The inconsistencies in your site's color palette - beghbali
http://coderwall.com/p/u7kzua

======
notJim
Our perception of color varies a lot based on context—size of the swatch,
background color, surrounding colors, etc. It is unsurprising that even on
sites with a seemingly-consistent color palette, you'd see a lot of variation.
Colors that are "the same" will also vary based on how they're being used,
e.g. I might use "the same" blue for a highlight as I do for a shadow, but if
you look at the RGB values, they're totally different. The reason is that your
brain is seeing a shadow, and separating the brightness component (reduced,
since it's a shadow), from the color component.
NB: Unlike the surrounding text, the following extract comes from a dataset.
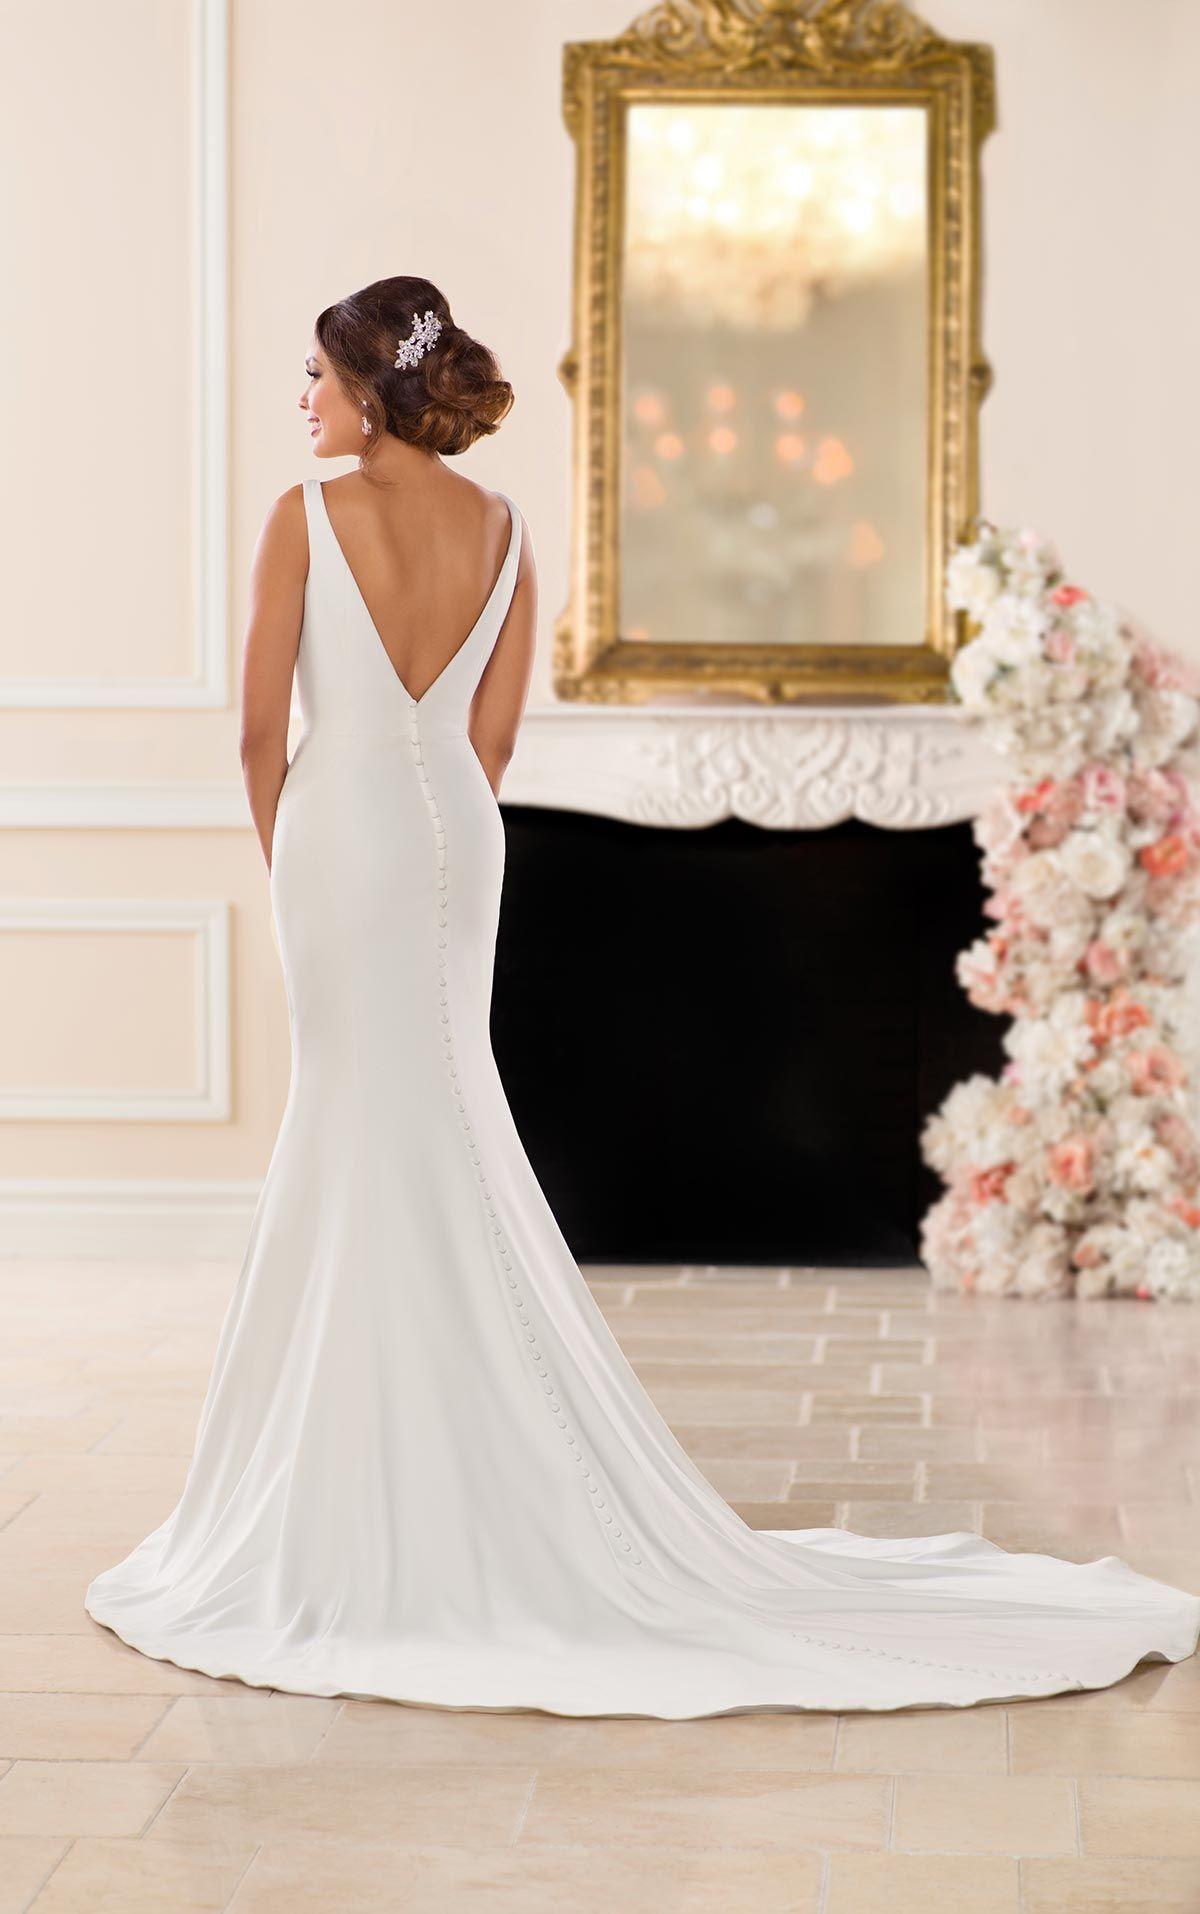 Simple sophisticated wedding dress in wedding dresses

Man, isn't your brain
incredible.

It would be interesting to take this script and make it so that it does some
kind of clustering, or looks at different components of the color—for example,
you could just count the hues. One might expect to see a lot variation in
lightness, but relatively little in hue, for example. On the other hand, maybe
it's not that scientific, and designers just grab a color picker and fiddle
until it looks right.

------
noonat
Although a site may have a primary color palette, colors will often look very
different in context. Our vision is full of tricks and assumptions that can
cause the same color value to look drastically different in different
situations. The color in your swatch might look different when used on a
different background color, or might not appear as bright when used as a link
color, and so on. It's reasonable to expect some variation in the color
palette to deal with these issues. Some of these counts seem a bit excessive,
though.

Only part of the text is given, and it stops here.